Page 34 of Truly Medley Deeply

Page List
Font Size:

Lou and I climb into the back.

Manny’s on the phone with the venue in Charleston, firing off questions while the car hums along to our next stop.

“Will their crew be cleared out at noon? Ours needs to start load-in right away, or we’ll be late for sound check.” He pauses, nodding. “What about the rest of the rider? Can I assume you read it?”

“Ah, riders,” I say. Lou shifts, and something about her body language makes me keep talking. “I saw a stage once thatgot loaded past its weight limit, and it collapsed during sound check.”

Her eyes pop. “Seriously?”

“Scariest thing I ever saw. After that, the band added a canary in the coal mine to that rider. What’s Manny’s ‘gotcha’ request? You have one, right?”

“Of course I have one,” Lou says, though her voice dips just slightly, hesitantly. And she shifts in her seat again.

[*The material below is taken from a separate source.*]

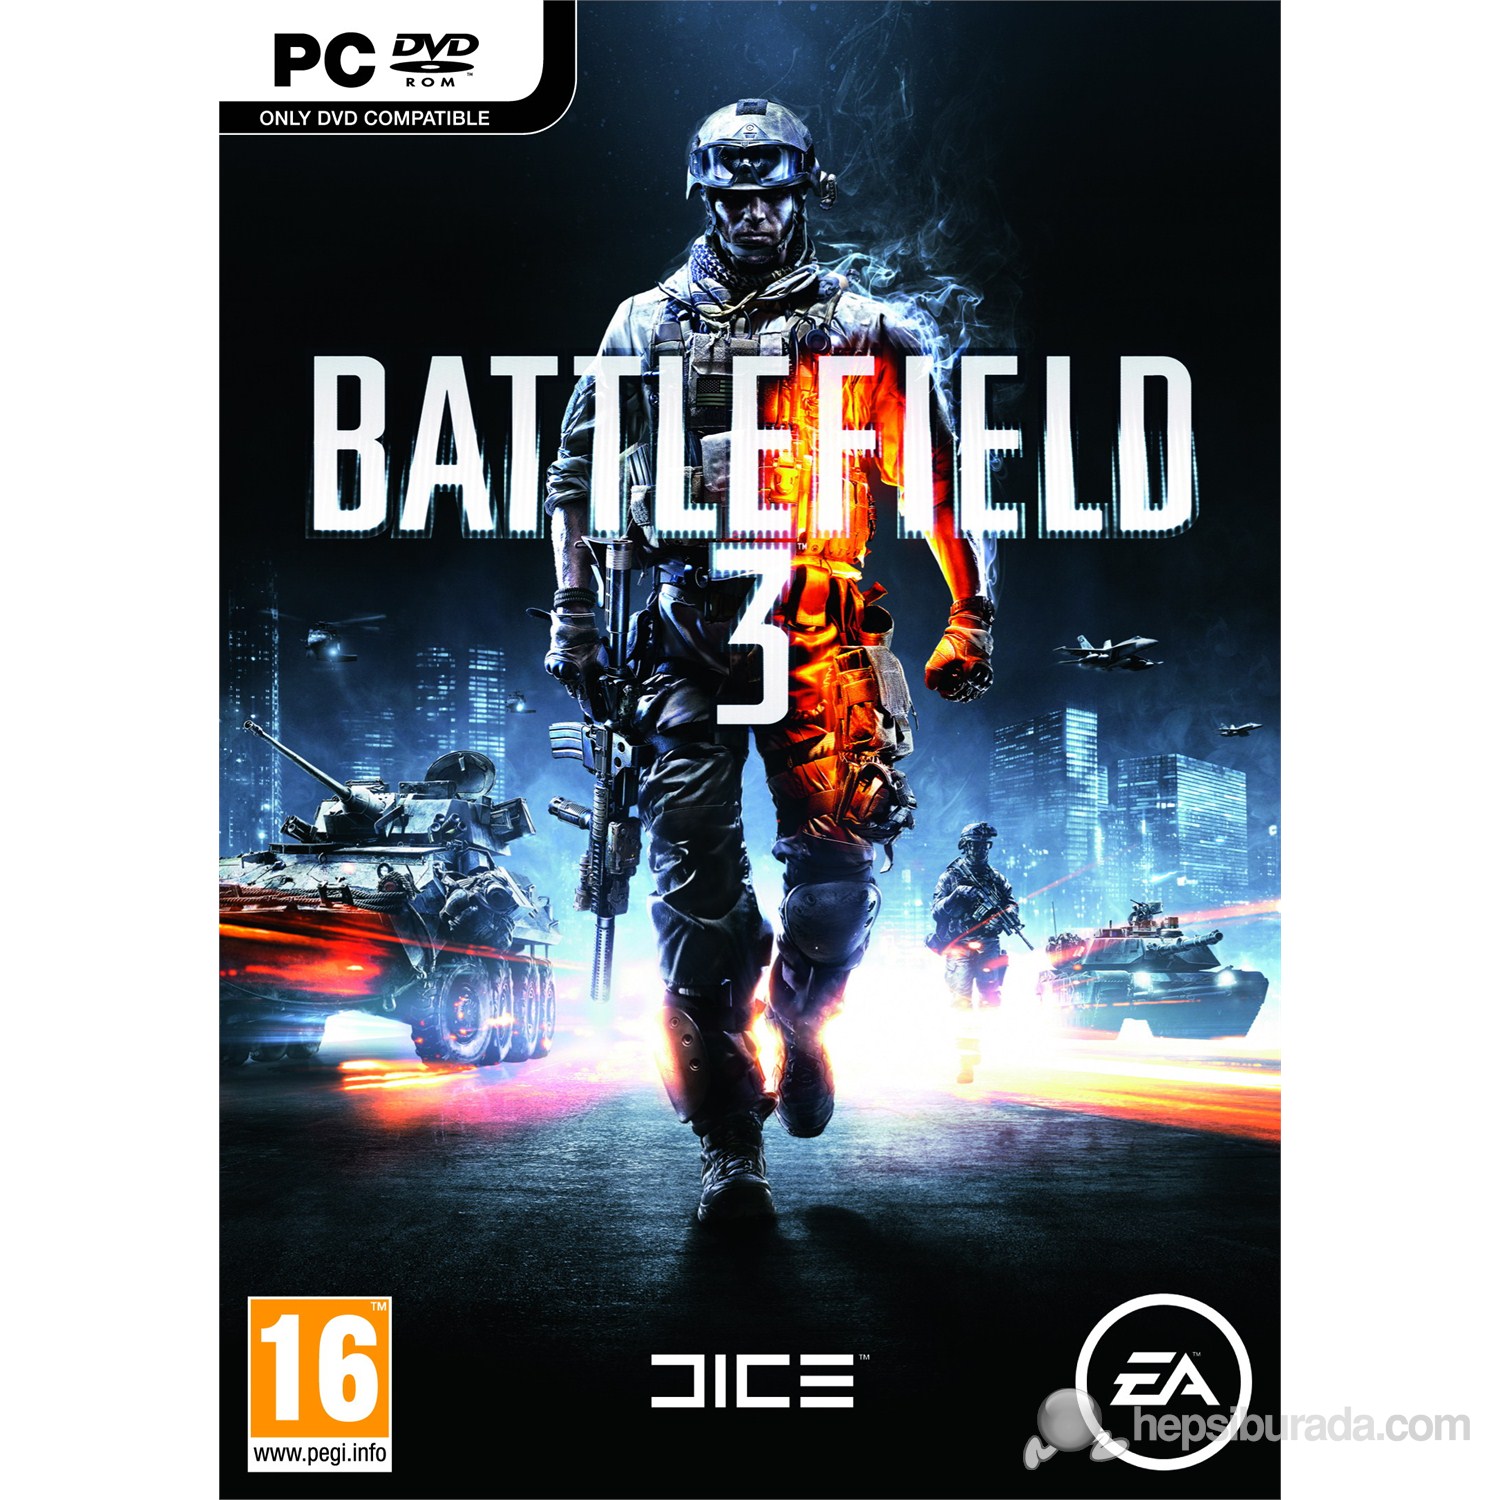 Battlefield 3 PC
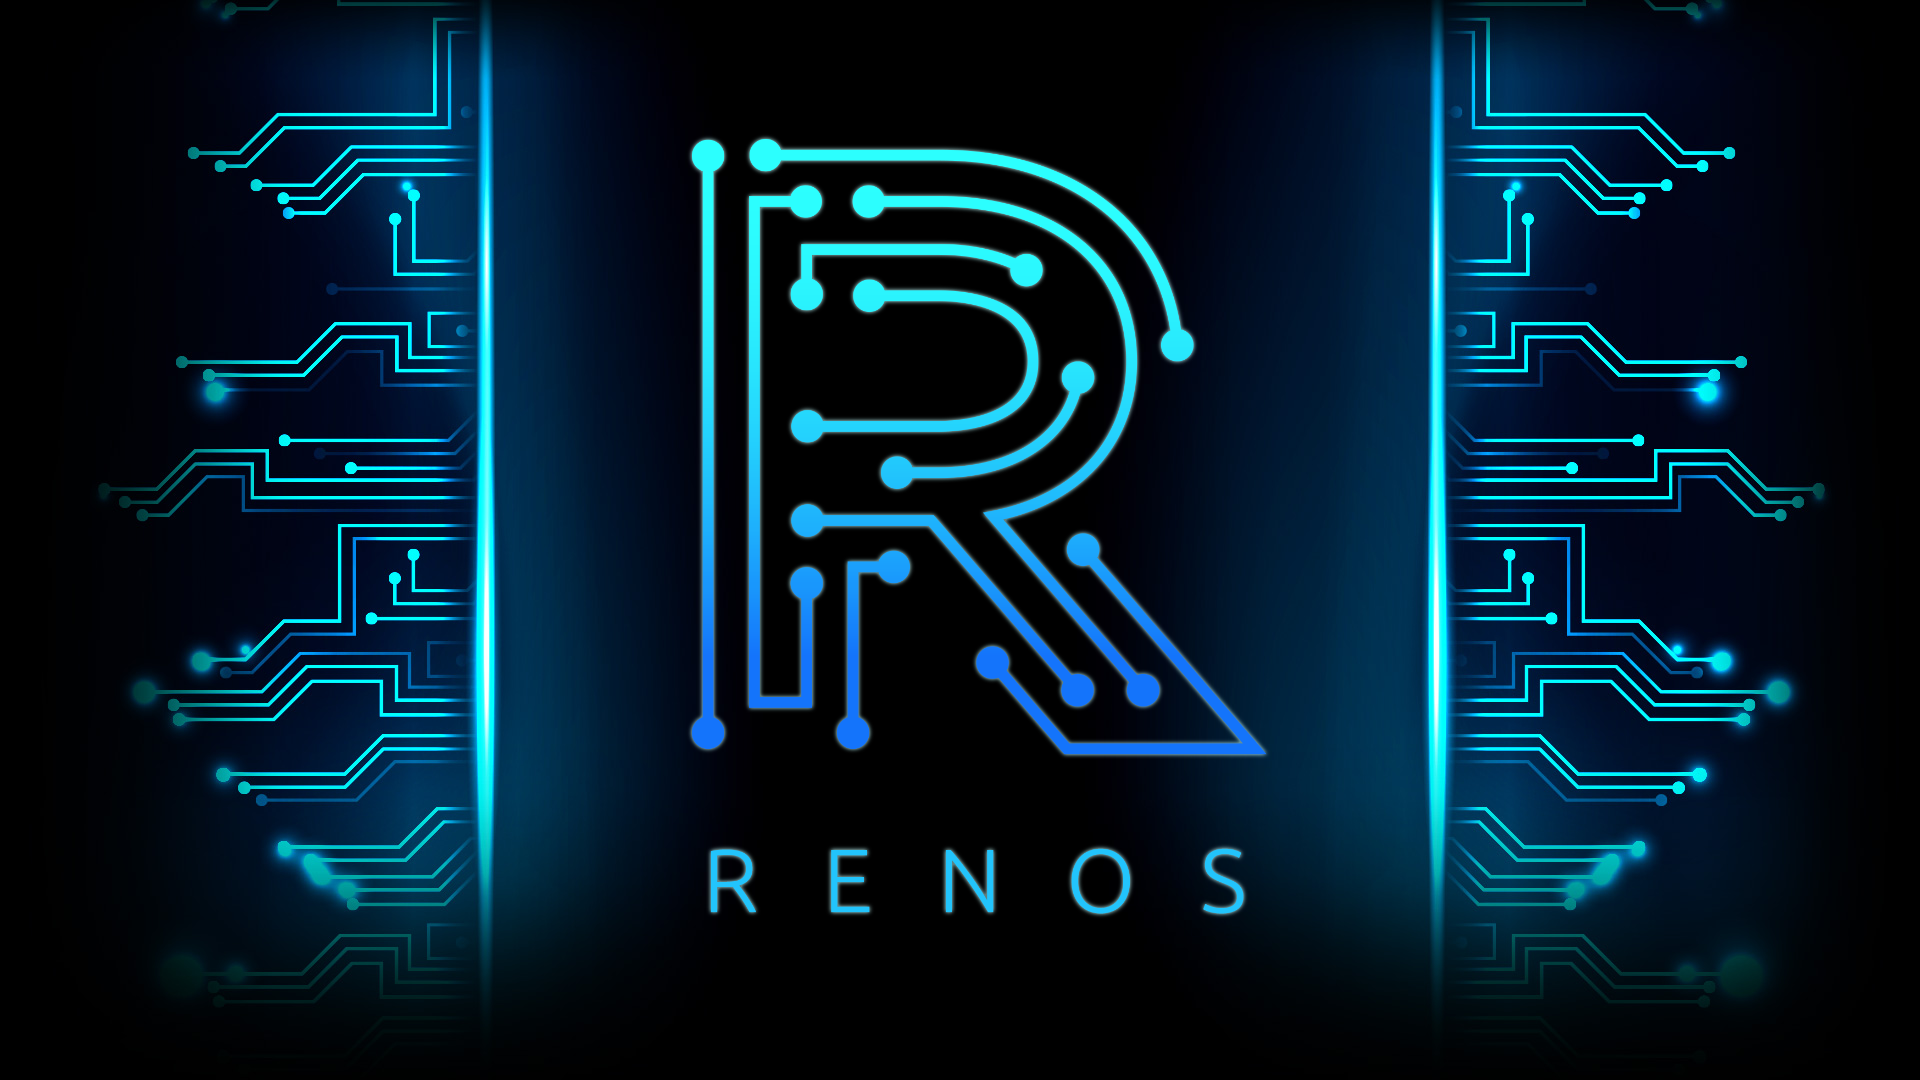 Renos-logo-image.png

She has no clue what I’m talking about.

Most people think the list of requirements artists send to a venue is just a diva’s wish list—colored candy, scented candles, that kind of thing. But really, it’s the artist’s way of making sure every detail, from tech setup to safety to backstage needs, is handled in advance. A good rider keeps people safe and shows whether the venue actually read the fine print.

Lou’s expression hits like a quiet bruise. She straightens, shoulders back, but her fingers curl in her lap, like she’s bracing for something.

I can’t be sure, but I think she feels … stupid.

I shift on the leather seat to see her without craning my neck. I keep my voice calm—matter-of-fact. No teasing, no judgment. Just enough to give her a foothold.

“People love hearing about how Van Halen or Mariah Carey have the most demanding, specific requests in their tour riders. They think it shows how entitled those musicians are, but they don’t get that it’s the band’s way of trusting that the venue is safe and up to standard. Van Halen didn’t care about brown M&Ms. They cared about the stage not collapsing and killing people because the specific line items weren’t followed correctly.”

Lou nods, like she gets it now. “Yellow daffodils.”

“Hmm?”

“The random thing in my rider Manny added. The canary in a coal mine. It’s yellow daffodils.”

“Not roses, huh?”

“I’m not a roses kind of girl. They’re pretty but … generic.”

I nod. “Smart. That’s specific enough that they wouldn’t have those on hand without having checked.”

Why do I like that she picked something other than roses? I don’t know a thing about flowers.

And why do I feel the need to validate her at all?

“What page of the rider’s it on?”

“Page twelve,” Manny says from the front seat. He’s covering the speaker so he can talk to us. “Tucked between microphone and amp requests.”

Manny chuckles, and I find myself doing the same as he goes back to his call.

“Very smart,” I repeat.

Lou smiles.

We reach the audiologist’s office, and Manny points out Lou’s shiny, nondescript metallic tour bus as it pulls into the parking lot of the medical complex. Bus drivers are held to a strict ten-hour driving day, so a good driver never starts the bus until he absolutely has to. The thing is spotless, reflecting the morning light like a polished stone, the tinted windows giving away nothing.

Manny heads toward it, talking rapidly to the person on the other end of yet another call.

I follow Lou inside, where the doctor has agreed to open two hours early for privacy.

“Thanks again for gettin’ us in so quick,” Lou says as a short, fit doctor unlocks the door and leads us into her exam room.